Andrew Whittemore on taking the Agenda 21 protests seriously

Andrew Whittemore has a nice piece up on the Atlantic Cities called Why Planners Need to Take Agenda 21 Criticism More Seriously. I disagree with his conclusions and what actually concerns TEA party types, but it’s a worthy read. There’s a great deal about planners’ sustainability claims that do not necessarily follow from logic, and planners aren’t always good diplomats or social marketers.

Here are a few points where I disagree with Whittemore, or where I interpret the political climate somewhat differently:

1. While New Urbanists and contemporary planners complain about regulation, they usually promote it, too–just their version of it. Jon Levine pointed out, in his excellent book, Zoned Out, that way too many zoning codes restrict free market development so that those who might demand higher densities are effectively regulated out by what is supplied. New Urbanists and planners have seized on this point to argue that their ideas are actually more free market because they wish to eliminate restrictive Euclidean zoning to enable a greater diversity of projects to go forward.

The same has been true of the reception to Don Shoup’s book, The High Cost of Free Parking. By eliminating parking requirements, we’re freeing up the market!

Ok, fine, but accompanying these calls to loosen regulatory controls of bad Euclidean zoning are demands for (supposedly good) form-based codes, urban growth boundaries, and maximum parking requirements, and those are regulatory, too–deeply so.

We wind up not fooling anybody who deplores government control, like the TEAP party folks.

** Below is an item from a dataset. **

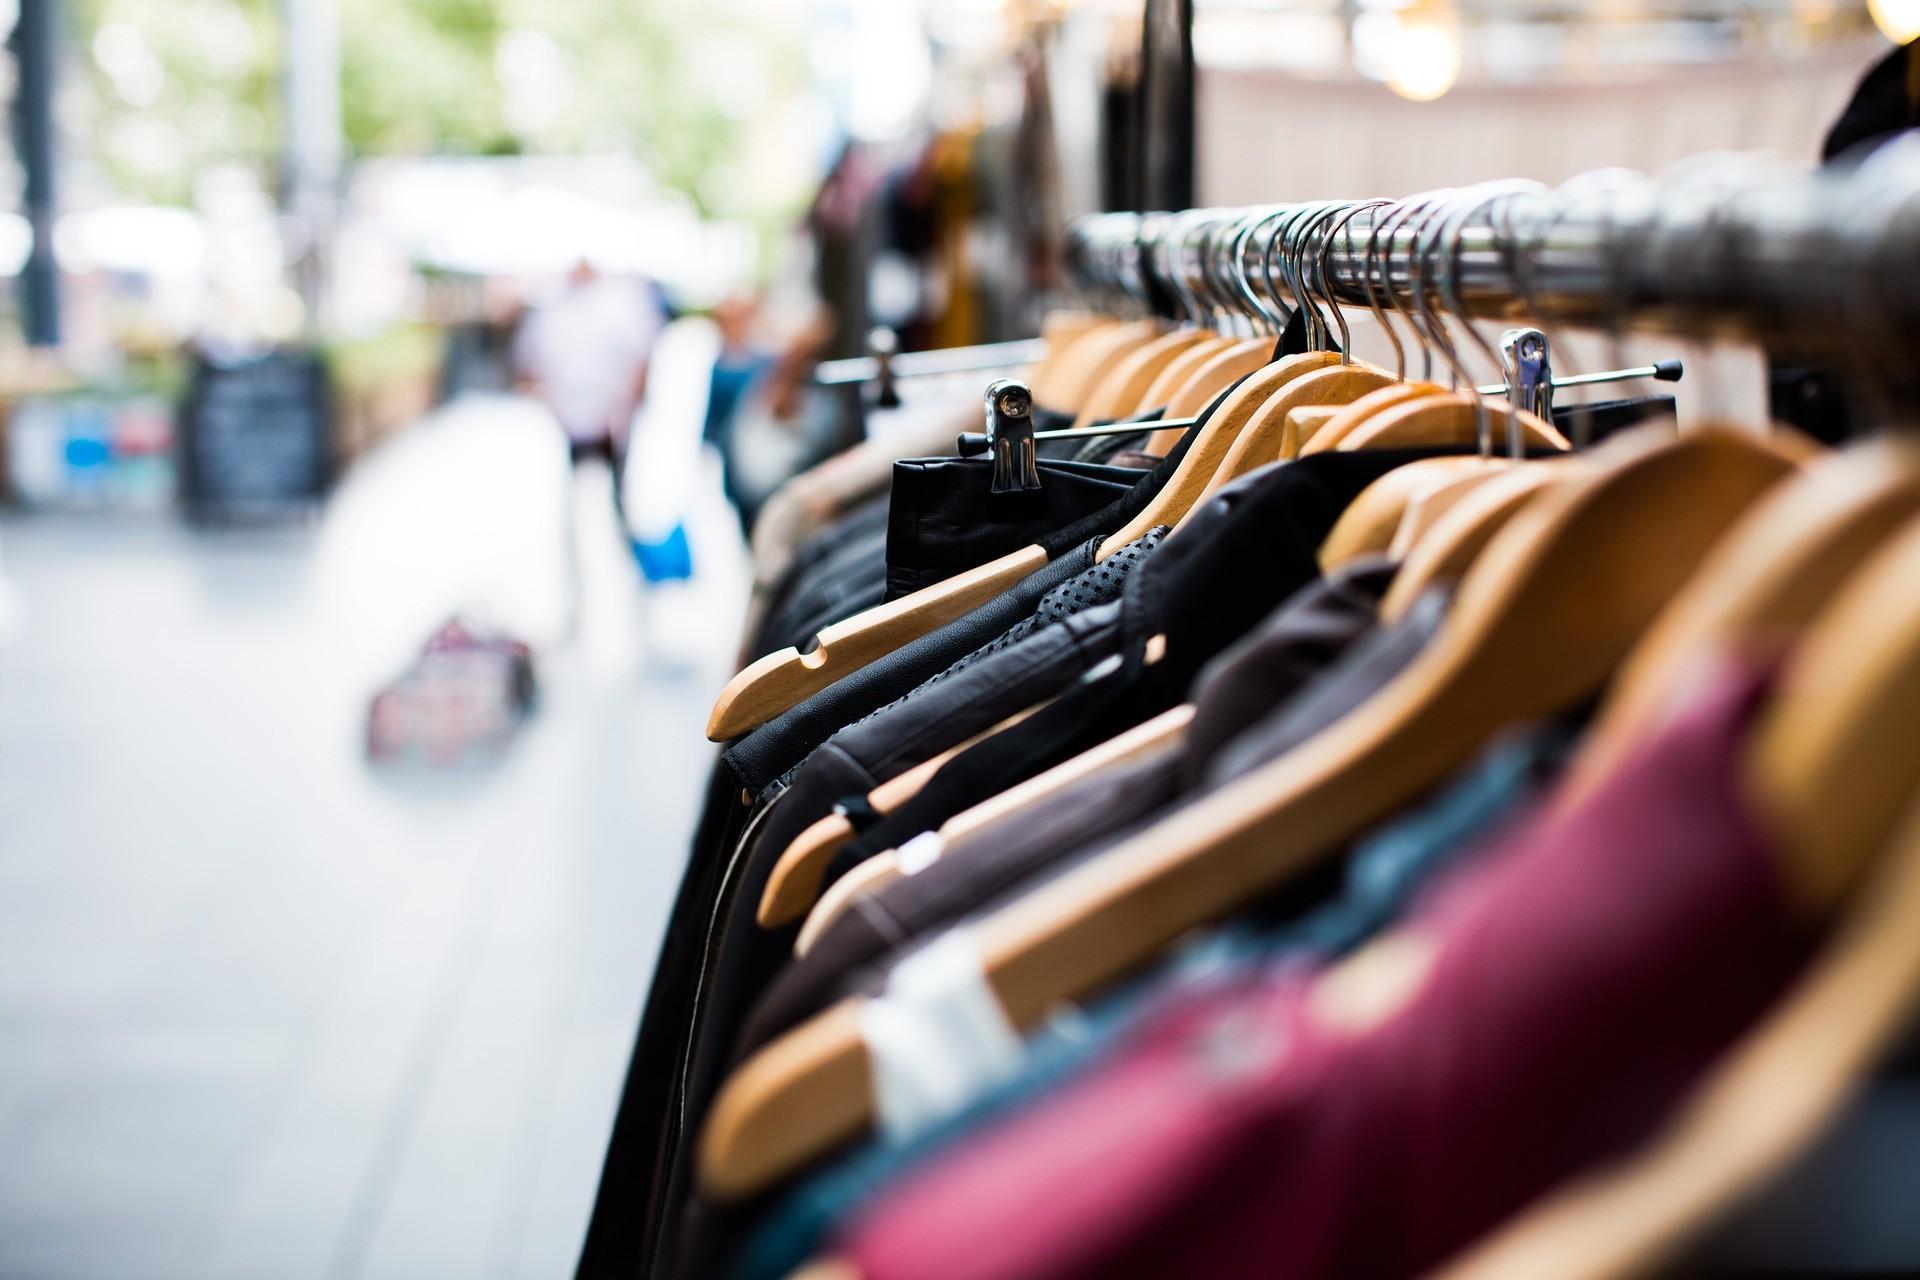 בגדים, שוק, חנות, יריד   צילום אילוסטרציה pixabay

2. Whittemore’s last point, about practicing what you preach is especially insightful, but I would have carried it further than urging more context sensitivity and local engagement. As it is, though, he’s right: the dialogue from planning is “We’ll let you participate, as long as you agree with the TOD/New Urbanism/whatever we think is right, so lucky you! I know! Let’s have a contest to see who gets to pick out the doorknobs for our rail station!”

I would push things a bit further in the recognition that just about every urban vision promulgated among planners has a social agenda intended to shape how other people live: You’re not exercising enough, you need this; you’re eating the wrong, non-local, non-vegan, non-blah blah blah foods, you need that; you’re getting around the wrong way, you need this here transit system. You need to do things differently, the way good people do them, so we’ll supply for you what we think you need.

There is a groundswell of impatience with paternalistic progressivism on both sides of political divide in the US, and I’m not entirely sure what planning and planners can do about it. For me, I wish there were more engagement with the social over the environmental agendas in the world–something that isn’t likely to wash with TEA partiers, either.